## PROBLEM DETAILS:
Begin the copy at the line containing "chevy trailblazer engine" in the data below and end it at the line containing "f408dc2ee Lyst - Pied", keeping each line exact and leaving out pictures.

## EXTRACTED RECORDS:
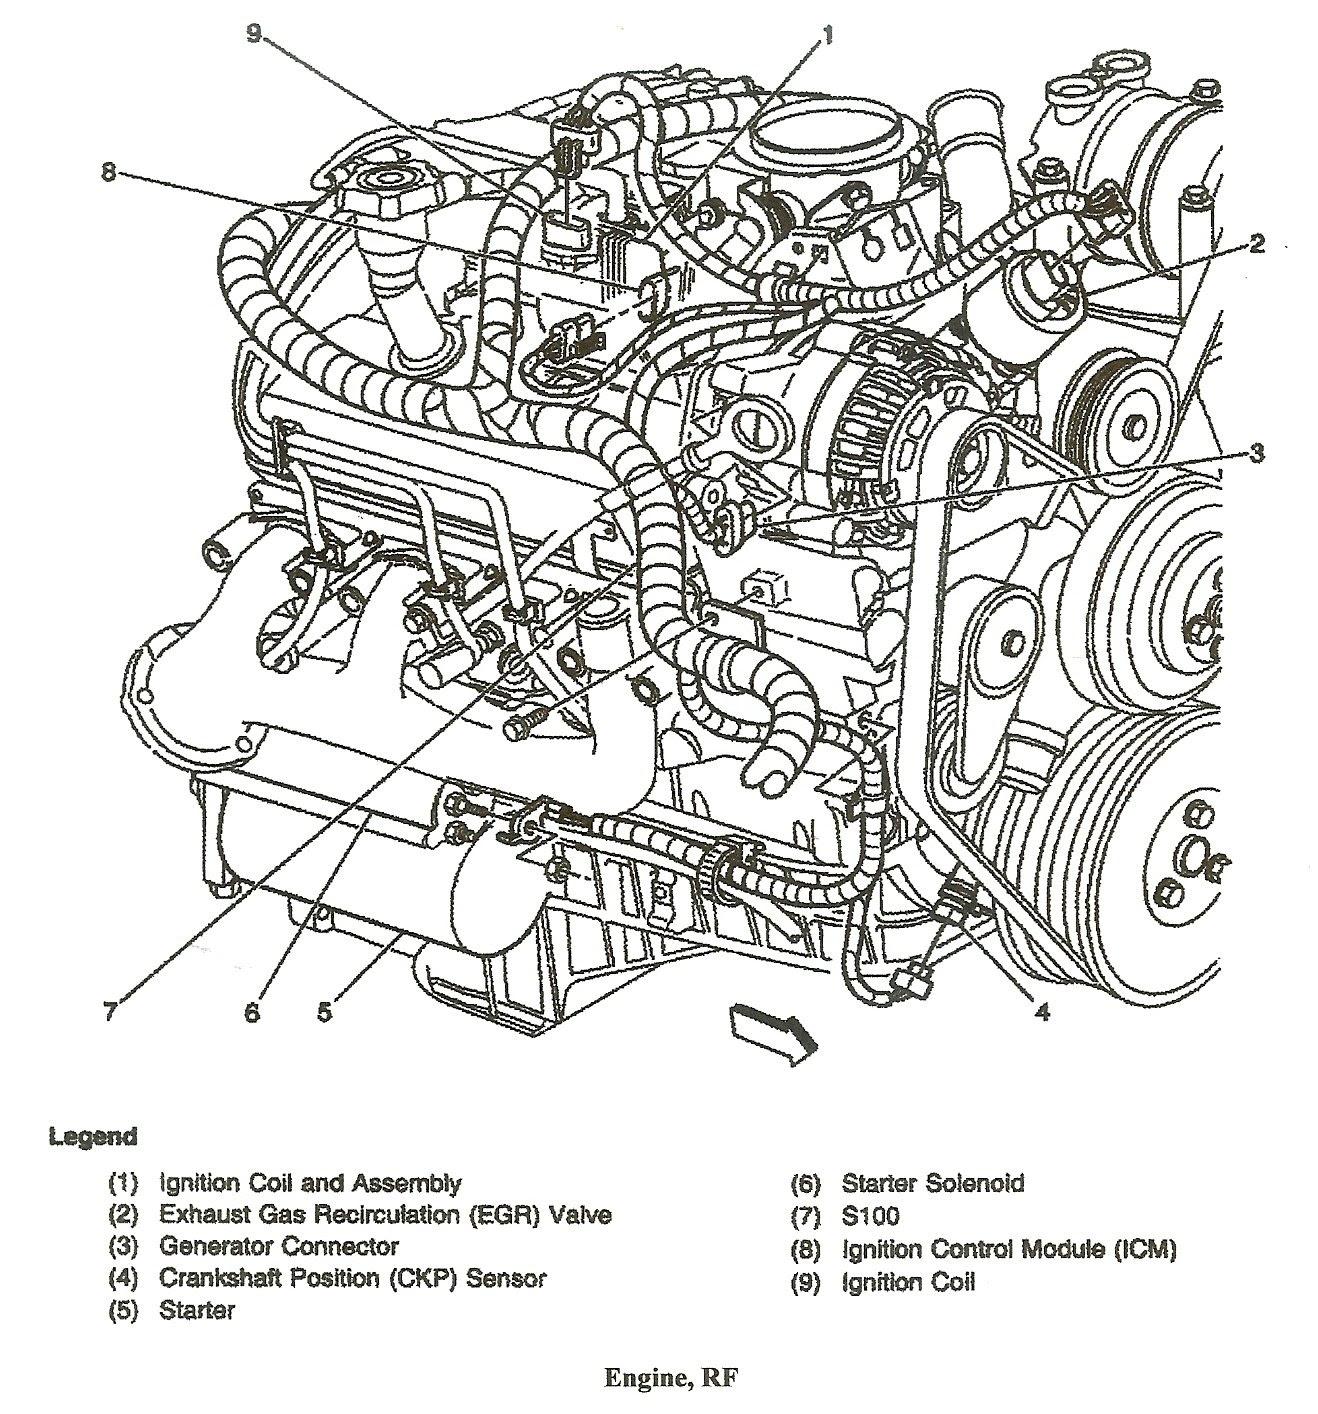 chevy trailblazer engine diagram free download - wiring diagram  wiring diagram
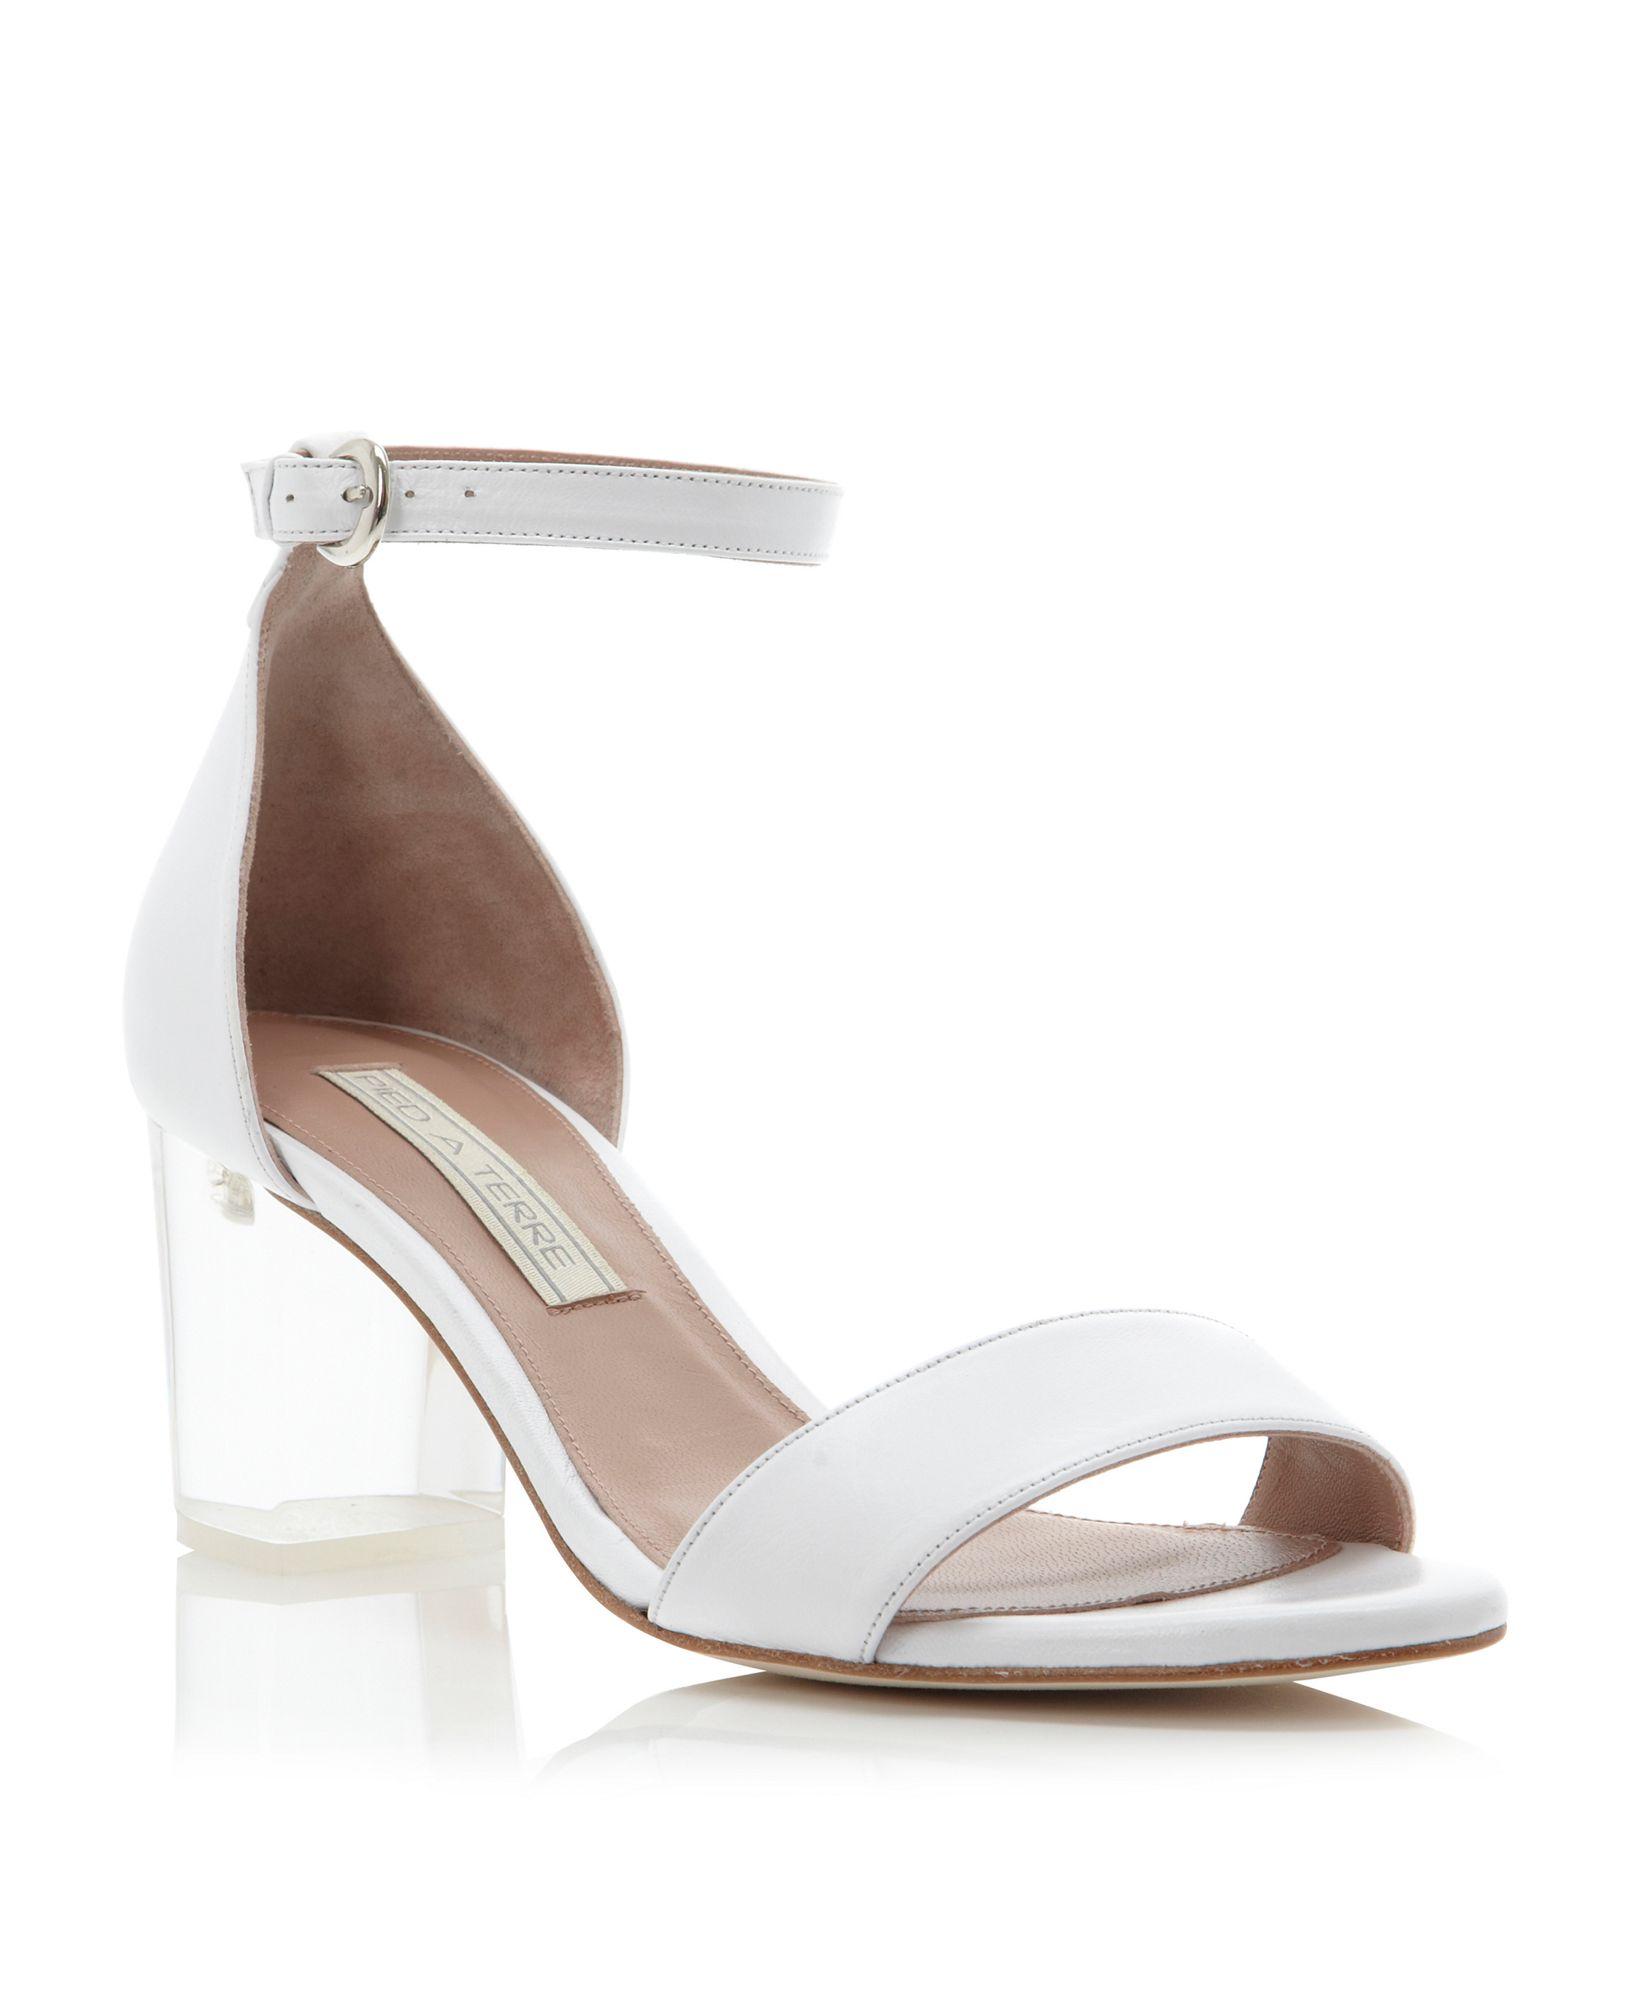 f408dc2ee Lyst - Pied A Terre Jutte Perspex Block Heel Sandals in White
---
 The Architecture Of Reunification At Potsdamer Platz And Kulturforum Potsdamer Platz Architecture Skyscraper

## RESULT:
 chevy trailblazer engine diagram free download - wiring diagram  wiring diagram
 f408dc2ee Lyst - Pied A Terre Jutte Perspex Block Heel Sandals in White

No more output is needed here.